## The BLP (95/99) Automobile Problem
In this tutorial, we'll use data from :ref:`references:Berry, Levinsohn, and Pakes (1995)` to solve the paper's automobile problem. This notebook illustrates several features of `pyblp`. 
- Incorporating a Supply Side with Demand Estimates
- Allowing for simple $price/income$ _demographic_ effects.
- Calculating clustered standard errors
- Calculating Optimal Instruments

In [3]:
import pyblp
import numpy as np
import pandas as pd 

pyblp.options.digits = 3
pyblp.options.verbose = False
np.set_printoptions(precision=2, threshold=10, linewidth=100)
pyblp.__version__

'0.5.0'

### Loading the Automobile Data
We'll use NumPy to read the data.
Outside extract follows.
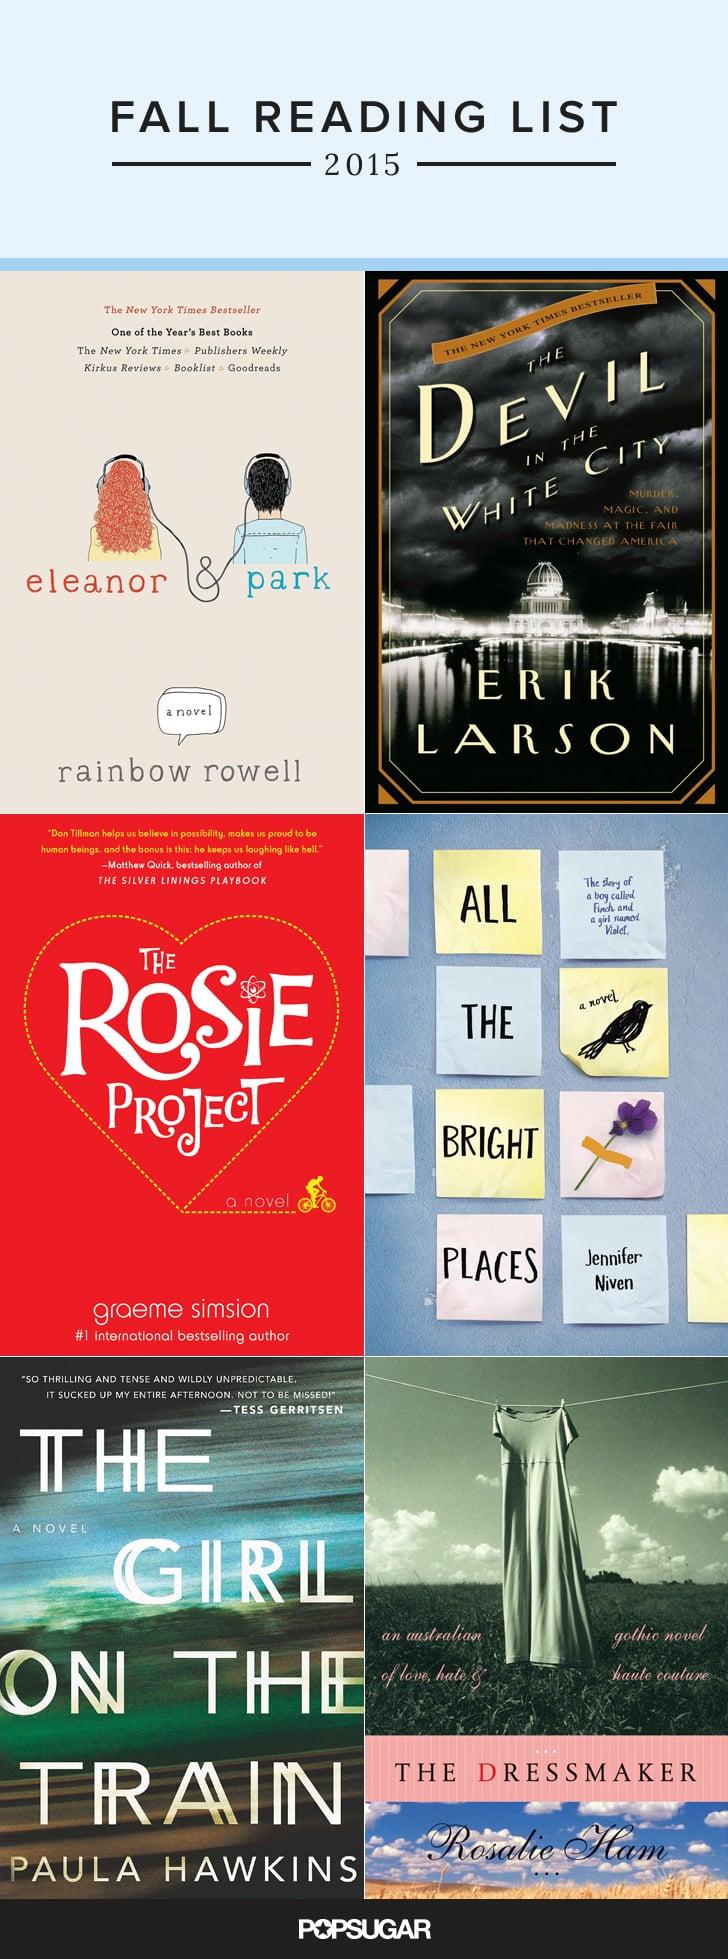 Fall Reading List

We load two datasets:
1. The __product data__ with prices, shares, and product characteristics
2. The __agent data__ with draws from the distribution of heterogeneity

In [7]:
product_data = np.recfromcsv(pyblp.data.BLP_PRODUCTS_LOCATION, encoding='utf-8')
pd.DataFrame(product_data).head()

Unnamed: 0,market_ids,clustering_ids,car_ids,firm_ids0,firm_ids1,domestic,japan,european,shares,prices,...,demand_instruments2,demand_instruments3,demand_instruments4,demand_instruments5,supply_instruments0,supply_instruments1,supply_instruments2,supply_instruments3,supply_instruments4,supply_instruments5
0,1971,AMGREM71,129,15,15,1,0,0,0.001051,4.935802,...,0.0,-0.593346,-0.346601,-0.198354,0.559897,0.280253,0.0,0.783835,0.407806,0.030212
1,1971,AMHORN71,130,15,15,1,0,0,0.00067,5.516049,...,0.0,-0.619844,-0.38014,-0.186345,0.566952,0.259925,0.0,0.829513,0.448638,0.008836
2,1971,AMJAVL71,132,15,15,1,0,0,0.000341,7.108642,...,0.0,-0.532932,-0.432497,-0.191577,0.565679,0.2438,0.0,0.700153,0.525192,0.020907
3,1971,AMMATA71,134,15,15,1,0,0,0.000522,6.839506,...,0.0,-0.529112,-0.468994,-0.181281,0.571697,0.220392,0.0,0.697406,0.580992,0.002274
4,1971,AMAMBS71,136,15,15,1,0,0,0.000442,8.928395,...,0.0,-0.452174,-0.487211,-0.199757,0.561929,0.233895,0.0,0.577626,0.609559,0.037782


The product data contains __market_ID__'s, __product_ID__'s, two sets of __firm_ID__'s (the second are IDs after a simple merger, which are used later), __shares__, __prices__, a number of product characteristics, and some pre-computed excluded __demand_instrumentsX__ and __supply_instrumentsX__. The __product_ID__'s are called __clustering_ID__'s because they will be used to compute clustered standard errors. For more information about the instruments and the example data as a whole, refer to the :mod:`data` module.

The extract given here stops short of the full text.